Hi,
I’m trying to decide between UIUC (30k/yr) and Cornell (70k/yr) for ChemE. I’m in state for UIUC, and I have Chancellor’s and James Scholar there. For Cornell, I’m a tradition fellow. I’m hoping to go to law school, but my situation is unique in that my parents will pay full for my undergrad and can afford both, but they won’t pay for law school so going to a cheaper undergrad isn’t necessarily beneficial. I have a lot going for me at UIUC and genuinely love the campus, but people can’t stop talking about the prestige of Cornell. What are your thoughts?
Sounds like you want to be a patent attorney. It may be better to major in ECE or CS but chemical engineering is OK too. In today’s patent landscape, chemical engineering trained patent attorneys have work but electrical engineers, and computer related degrees get more work. Biomedical engineers also have good options. There is simply a lot of filings in medical devices, semiconductors, and anything computer related and a slight shortage of top trained electrical engineers that go to law school.
If you are very good at organic chemistry though, chemical patents are also challenging to draft and there will be work.
Quite a law firms in the midwest seem to prefer electrical/computer engineers, over chemical engineers, is my experience. (I am a materials scientist and patent agent and also worked as a US patent examiner, no law school training ).
To have the best options in patent prosecution later, take a lot of computer related classes if you can fit that in.
Take a lot of reading and writing classes too. You need a high GPA, a top LSAT score. With that, I think New York State law schools will favor Cornell grads. New York has some very top law programs but Illinois offers many good law programs as well. I think there may be very SLIGHT regional preferences at some law programs.
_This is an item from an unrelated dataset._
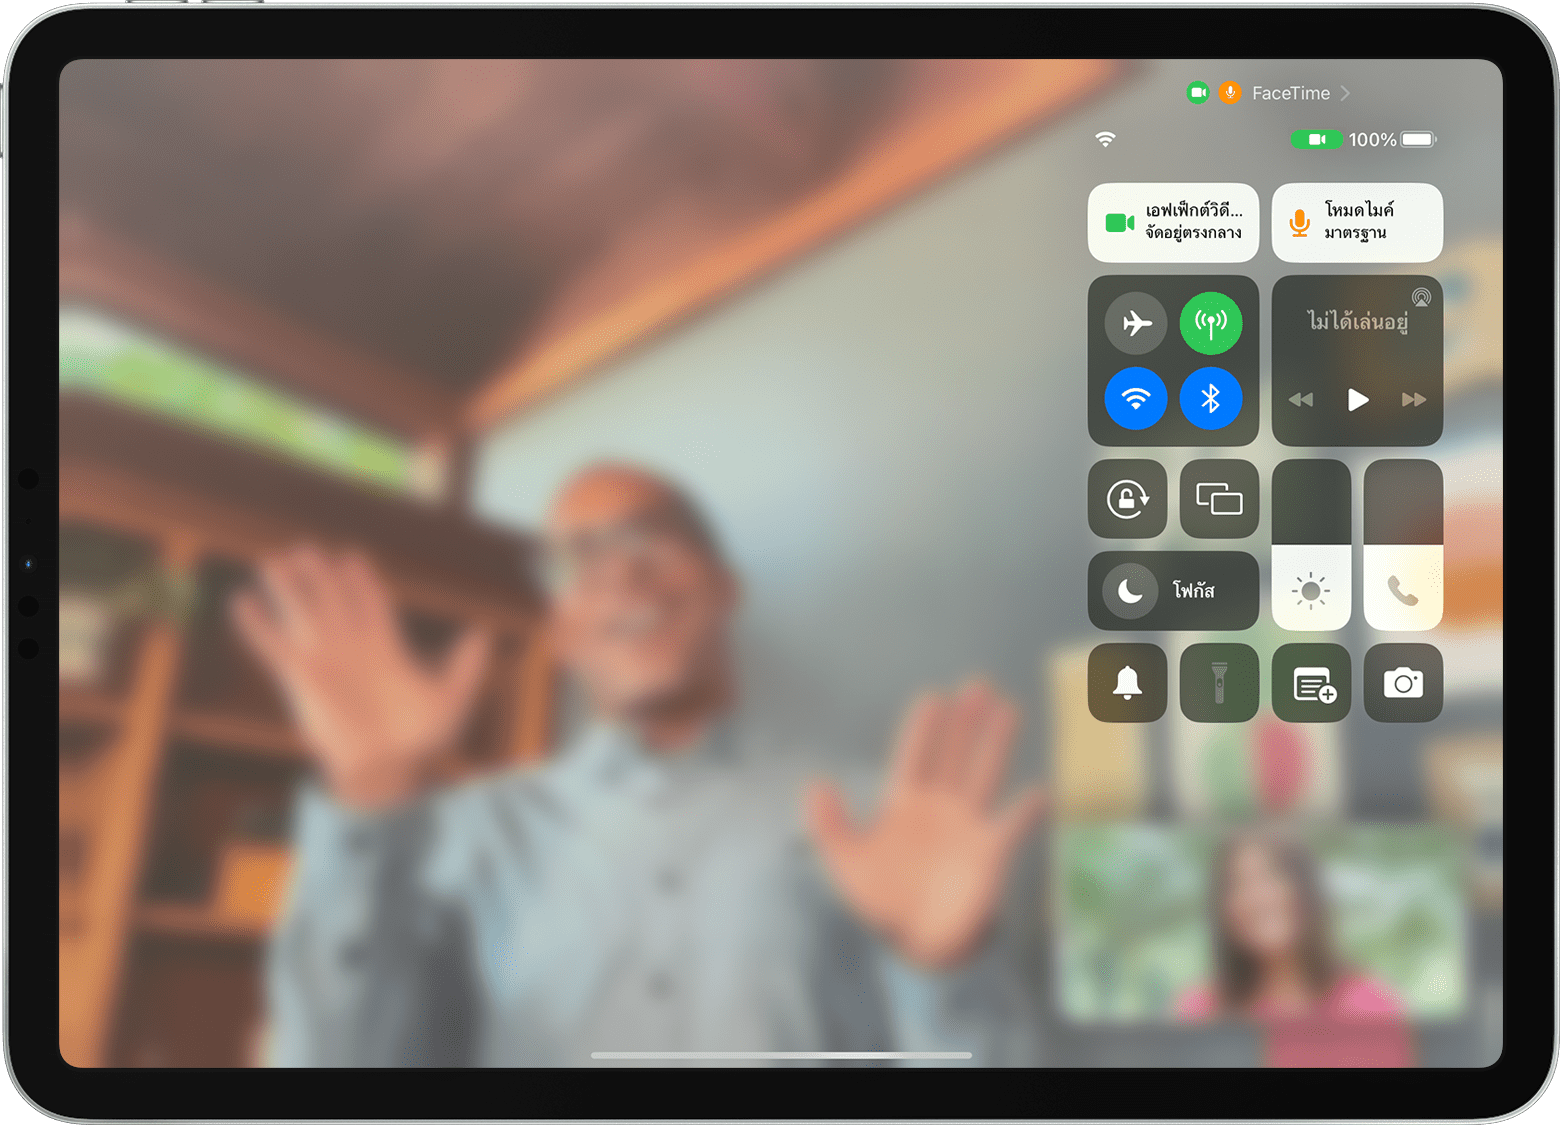 หน้าจอ iPad ที่แสดงการโทร FaceTime โดยที่มองเห็นศูนย์ควบคุม รวมถึงปุ่มเอฟเฟ็กต์วิดีโอด้วย

UIUC is a very big school, so you will have a bit less personal attention. Look up pre law advising at both schools and get a sense for what is offered. My sense is Cornell will be a bit more personal but harder to earn As in chemical engineering.
Also look up law programs that focus on IP law now, and see what they require to get in. Doing your homework on law schools now may be slightly helpful to make up your mind between UIUC and Cornell.
The USPTO used to send US Patent Examiners to law school, after working one’s way to GS-12, I think. It takes a few years to get to that pay curve. That benefit may come and go, depending on the administration, but you can get a lot of legal training and get payed while working as a US Patent Examiner at the PTO. There are now a number of locations for satelite offices, Virginia being the large central PTO, but offices are in Denver, San Jose CA , Dallas and Detroit. It may be a good way to save money for law school. Law schools LOVE accepting US Patent Examiners.